Opioid antagonism enhances marijuana's effects in heavy marijuana smokers.Psychopharmacology (Berl) 2010; 211(2):141-8P
RATIONALE AND OBJECTIVE
Studies in laboratory animals strongly suggest reciprocal modulation of the opioidergic and endocannabinoid systems, a relationship that has not been demonstrated in humans. This study sought to clarify this interaction by assessing how a range of naltrexone doses altered the subjective, cognitive, and cardiovascular effects of marijuana.
MATERIAL AND METHODS
Daily marijuana smokers (n = 29) participated in this within-subject, randomized, double-blind, placebo-controlled study. Naltrexone (0, 12, 25, 50, or 100 mg) was administered before active or inactive marijuana (3.27 or 0% THC) was smoked.

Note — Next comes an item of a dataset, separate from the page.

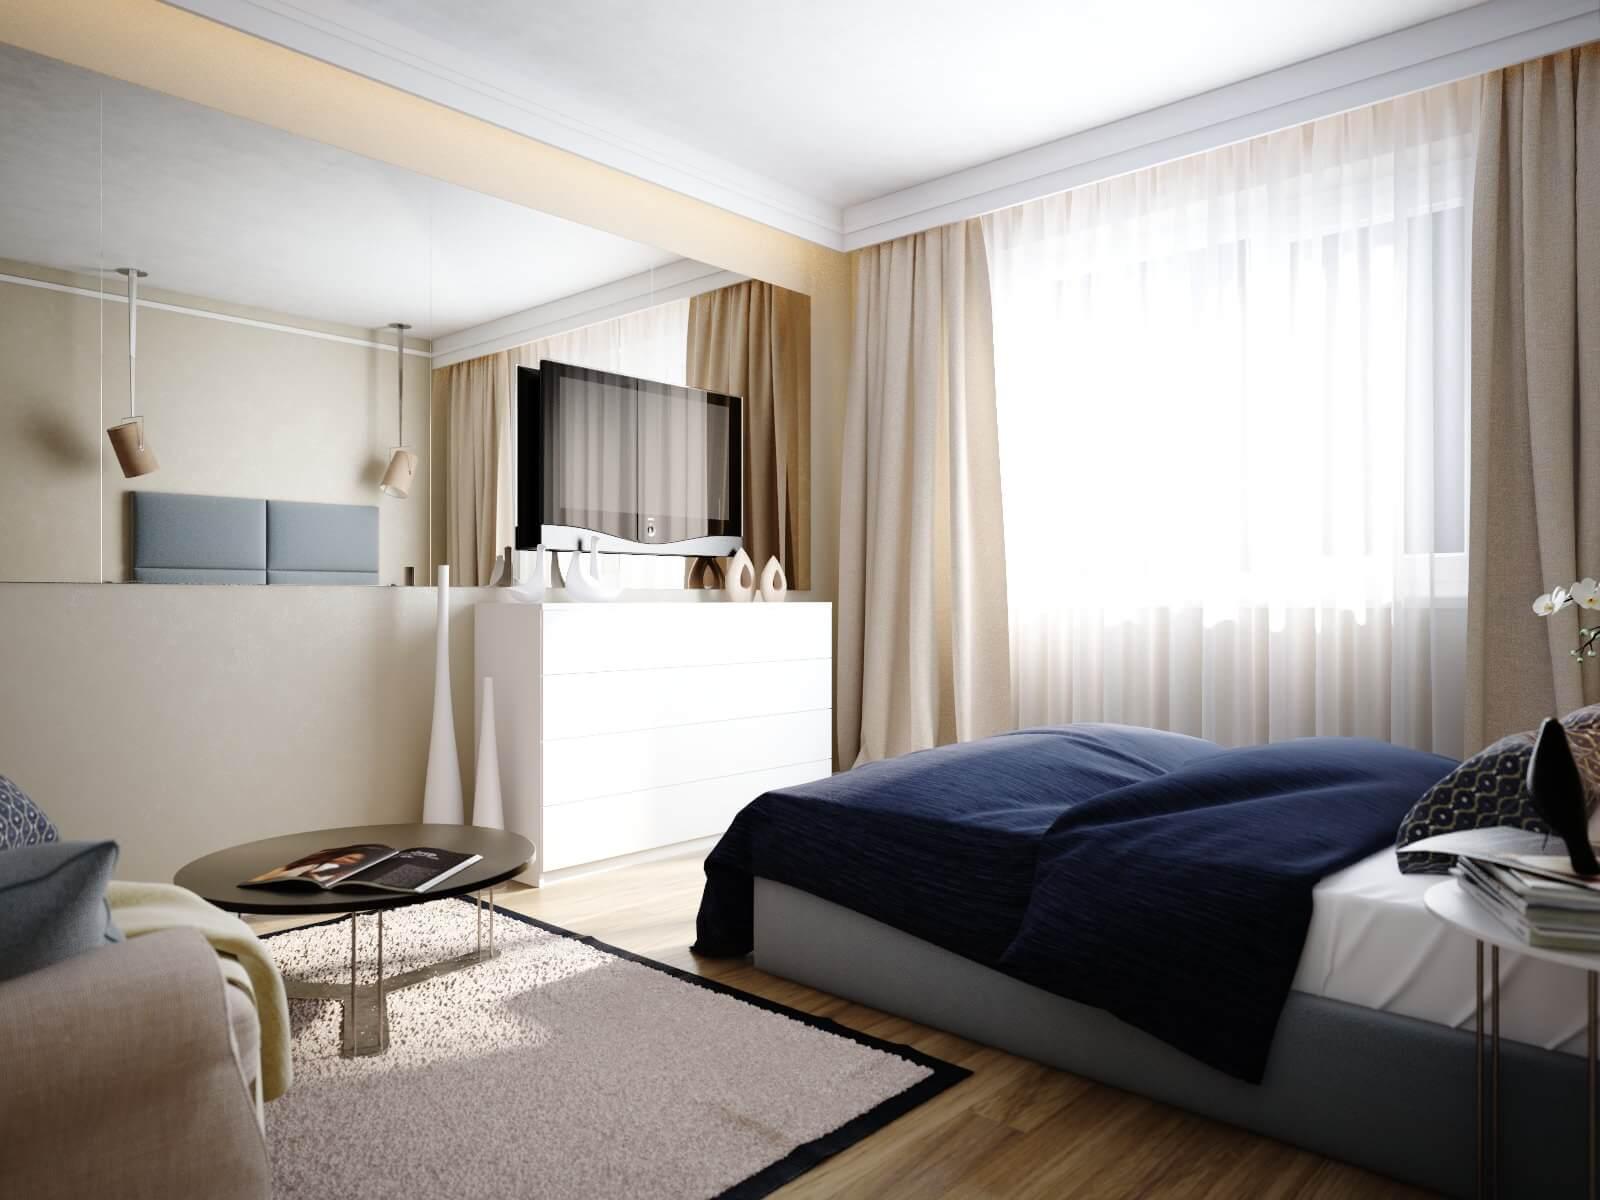 дизайн квартир примеры работ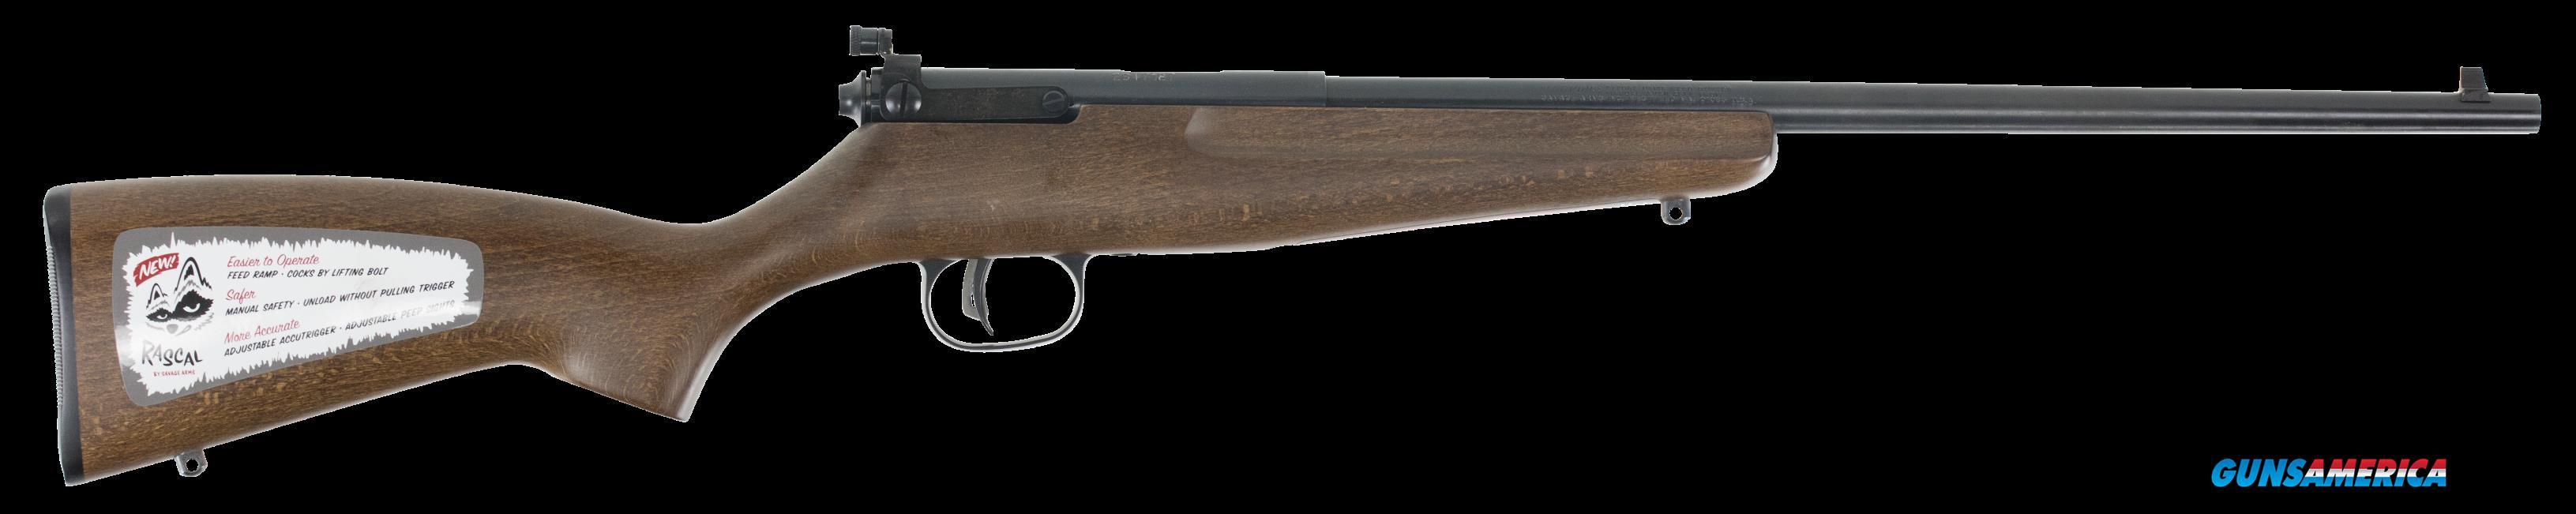 Savage Rascal, Sav 13820 Rascal     22lr Yth Hardwood Lh  Guns > Pistols > 1911 Pistol Copies (non-Colt)

Active marijuana increased subjective ratings of marijuana 'Strength,' 'High,' and positive subjective ratings of marijuana quality and drug effect including 'Liking,' 'Good,' and 'Take Again' compared to inactive marijuana. Naltrexone alone decreased ratings of 'Liking,' 'Take Again,' and 'Stimulated' compared with placebo, but increased ratings of drug 'Strength,' 'High,' 'Good,' 'Liking,' 'Stimulated,' and 'Take Again' when administered under active marijuana conditions. Active marijuana did not affect performance on cognitive tasks relative to inactive marijuana, whereas naltrexone decreased performance when administered alone or in combination with active marijuana. Active marijuana increased heart rate compared to inactive marijuana under placebo naltrexone conditions. Although naltrexone alone decreased heart rate, it further increased marijuana's cardiovascular effect.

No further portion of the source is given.